**Assignment**:
Without any images, write the data out exactly as it appears.

**Data excerpt**:

○ ○ ○

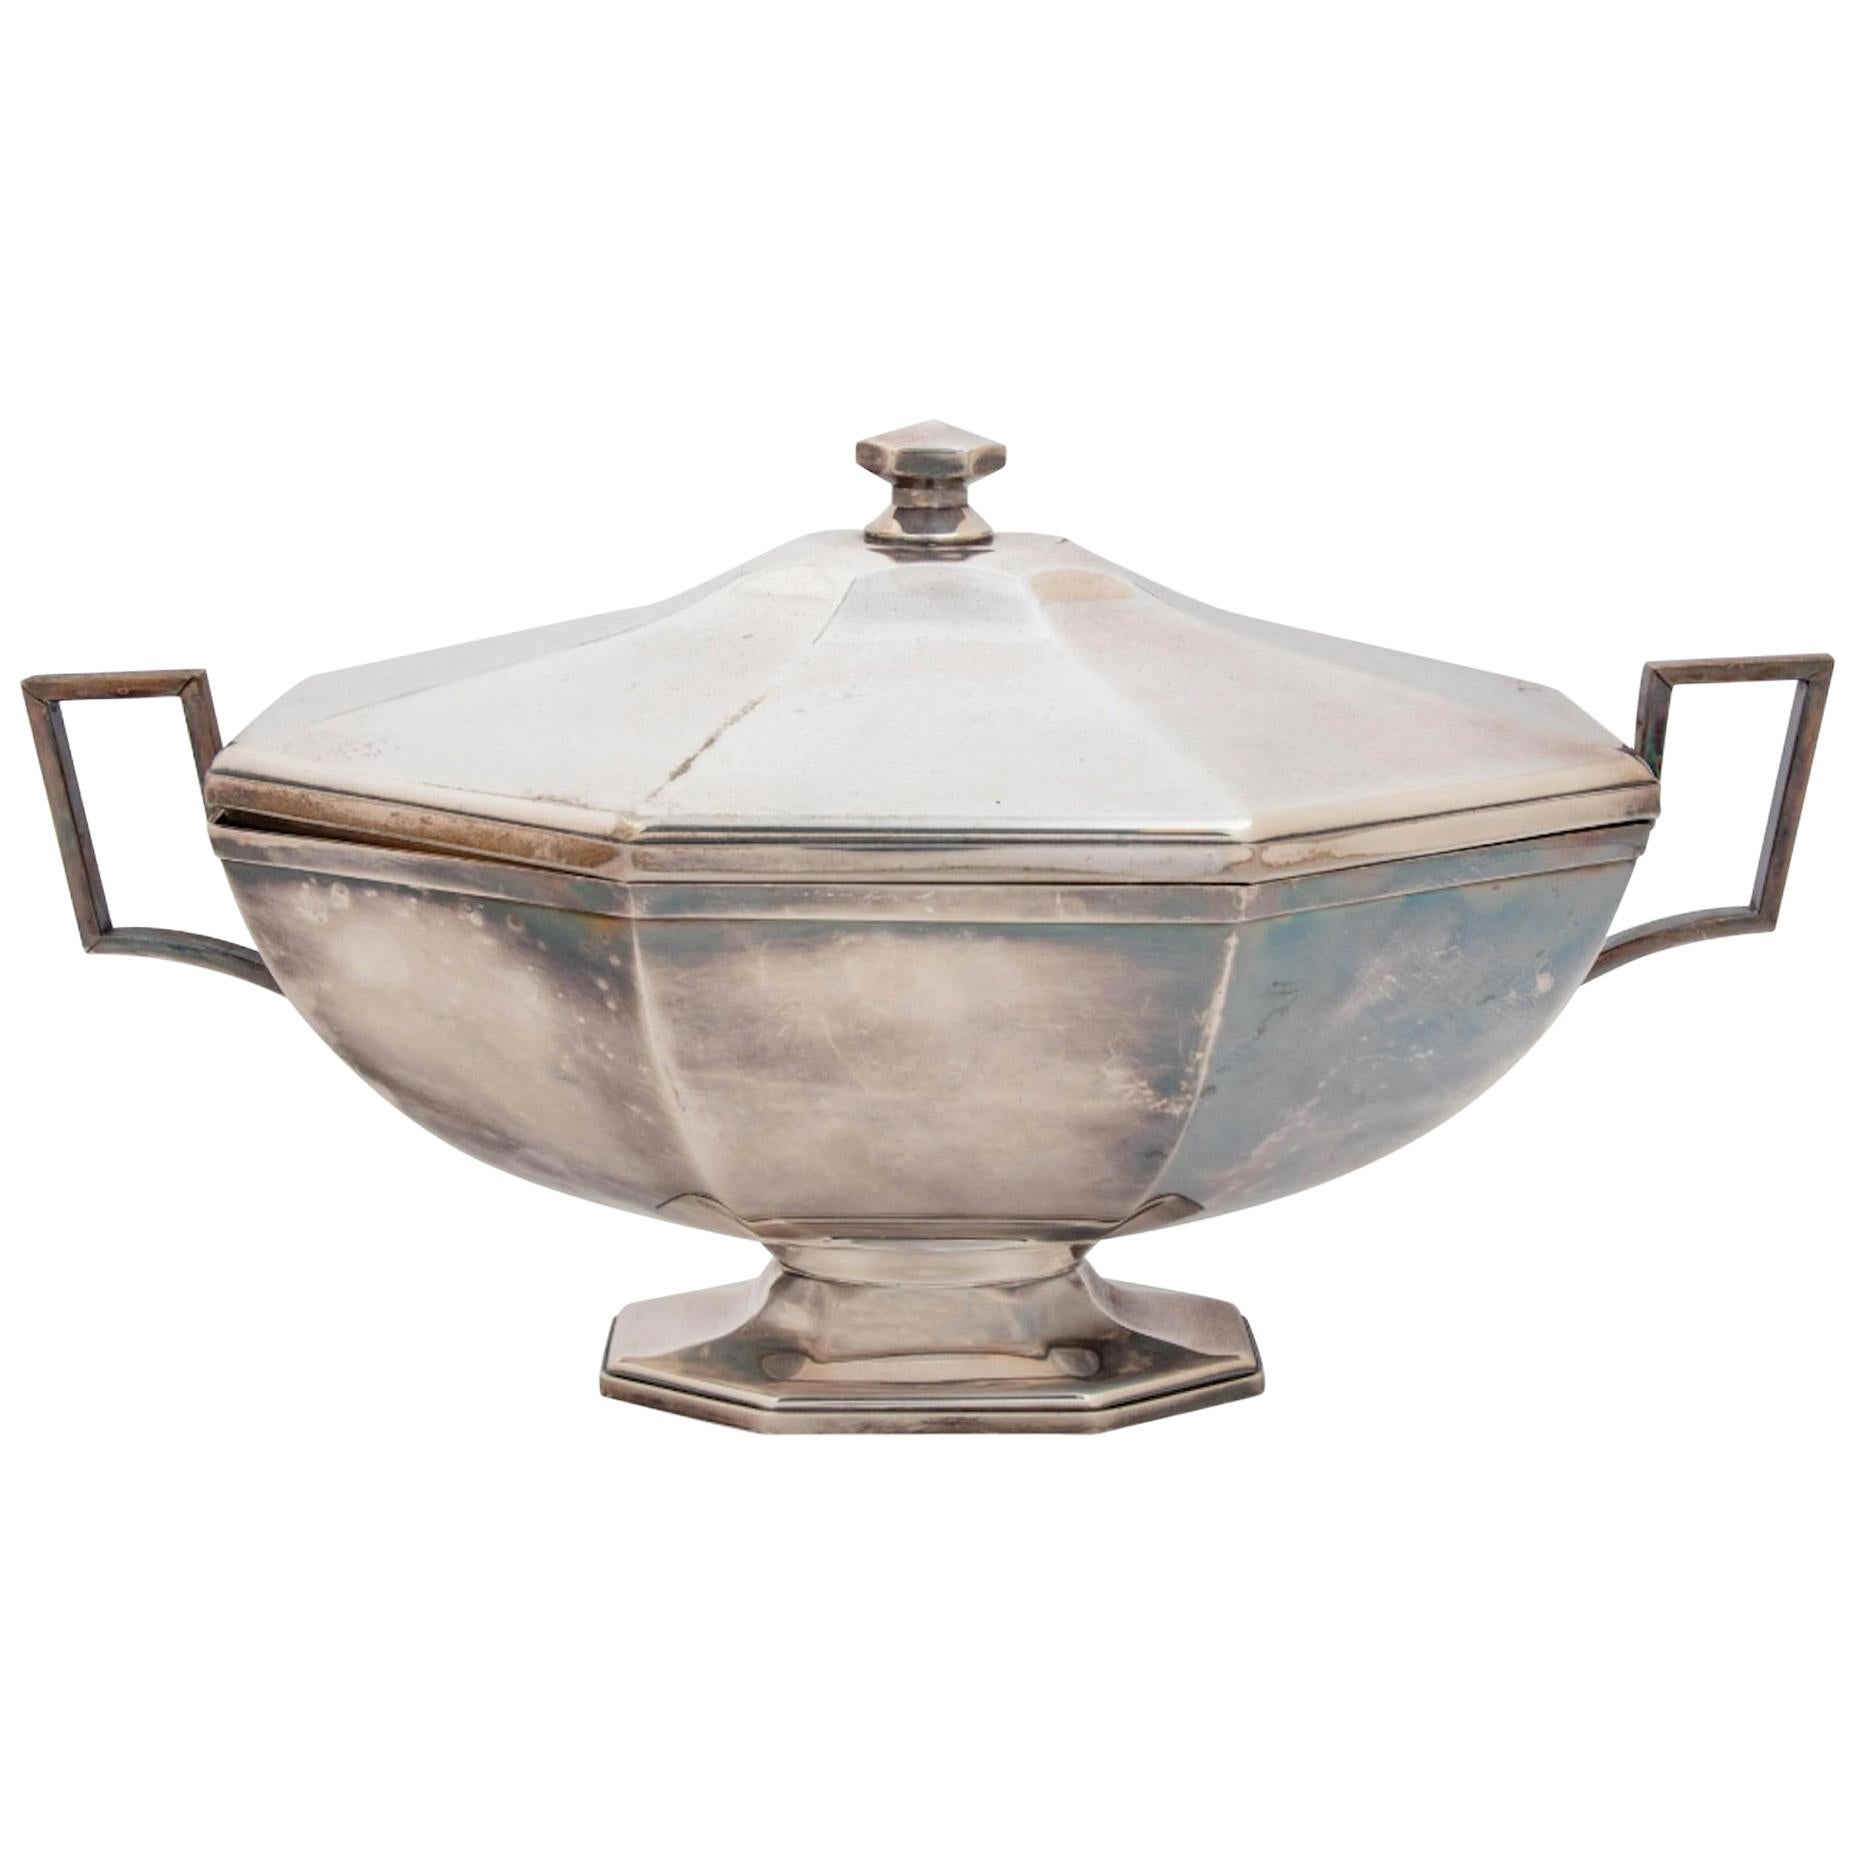 Silver Plate Tureen, Great Scale, Form and Simplicity, a Deffinate Statement
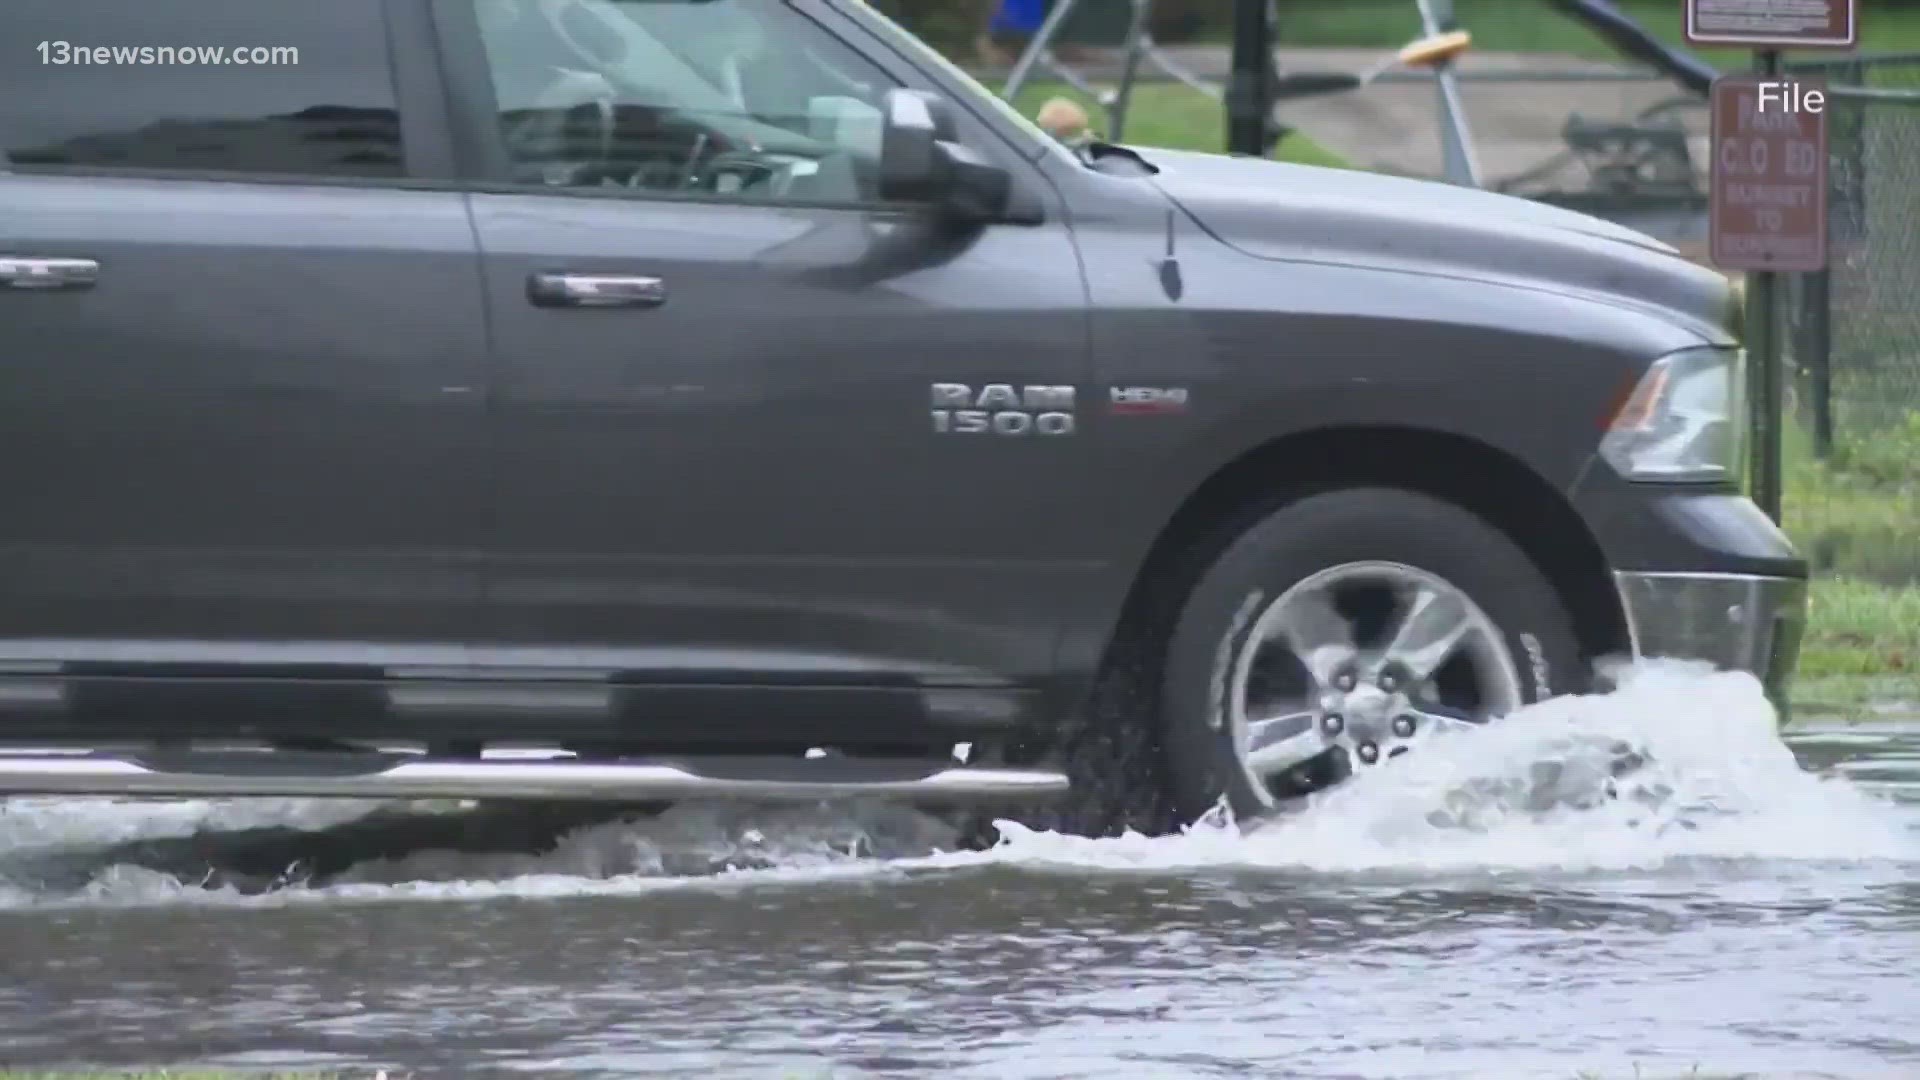 There's a new project to keep you safe on the roads when the water starts to rise.
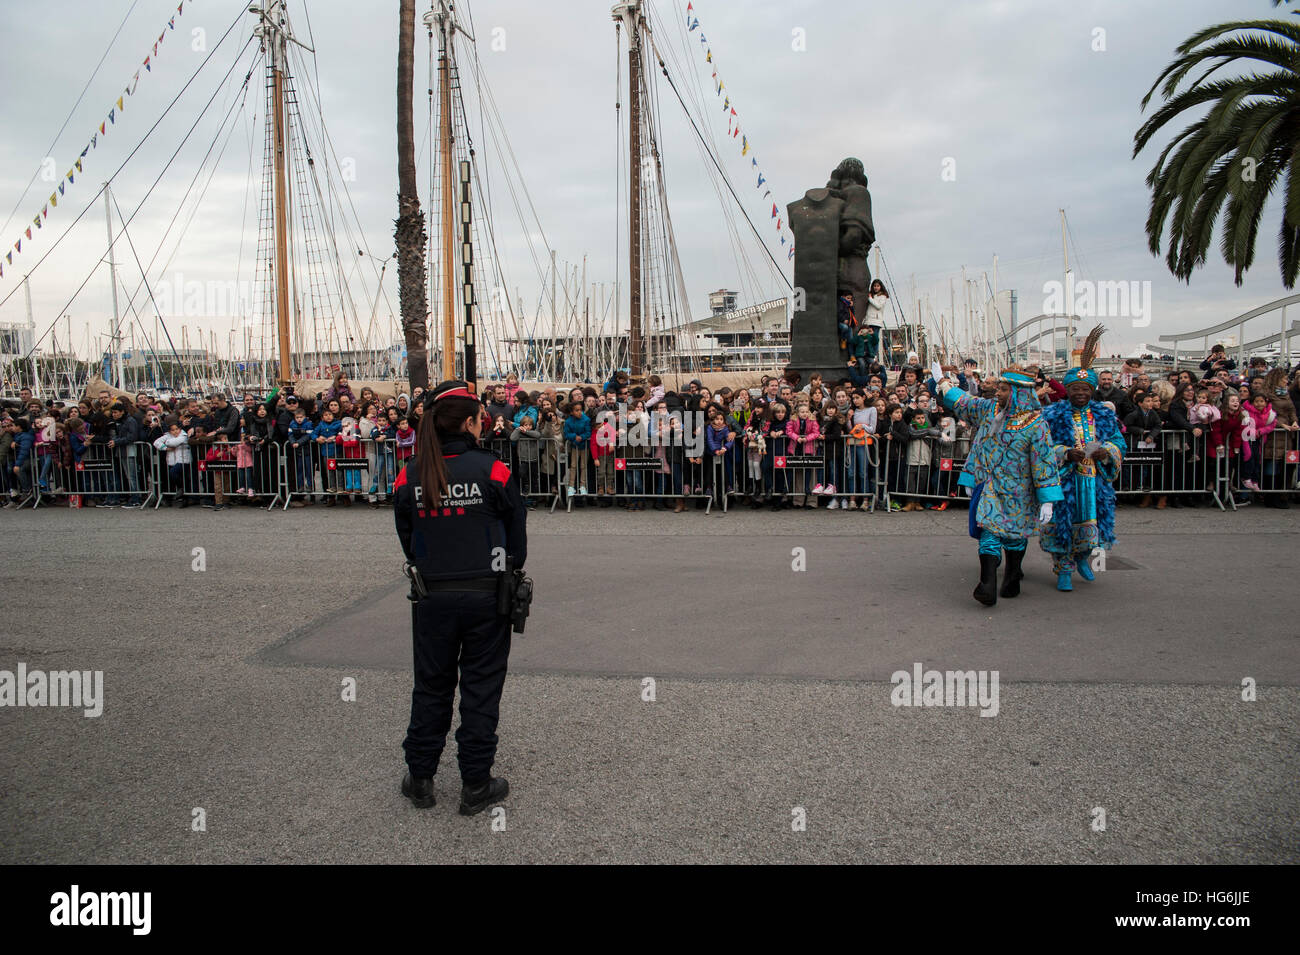 The Three Kings arrive by boat to Barcelona, Spain, thursday, 05th Jan, 2017. It is a parade symbolizing the coming of the Magi to Bethlehem following the birth of Jesus. In Spain and many Latin American Countries Epiphany is the day When gifts are Exchanged. © Charlie Perez/Alamy Stock Photo

○ ○ ○

**The completed task**:
 Silver Plate Tureen, Great Scale, Form and Simplicity, a Deffinate Statement
 There's a new project to keep you safe on the roads when the water starts to rise.
 The Three Kings arrive by boat to Barcelona, Spain, thursday, 05th Jan, 2017. It is a parade symbolizing the coming of the Magi to Bethlehem following the birth of Jesus. In Spain and many Latin American Countries Epiphany is the day When gifts are Exchanged. © Charlie Perez/Alamy Stock Photo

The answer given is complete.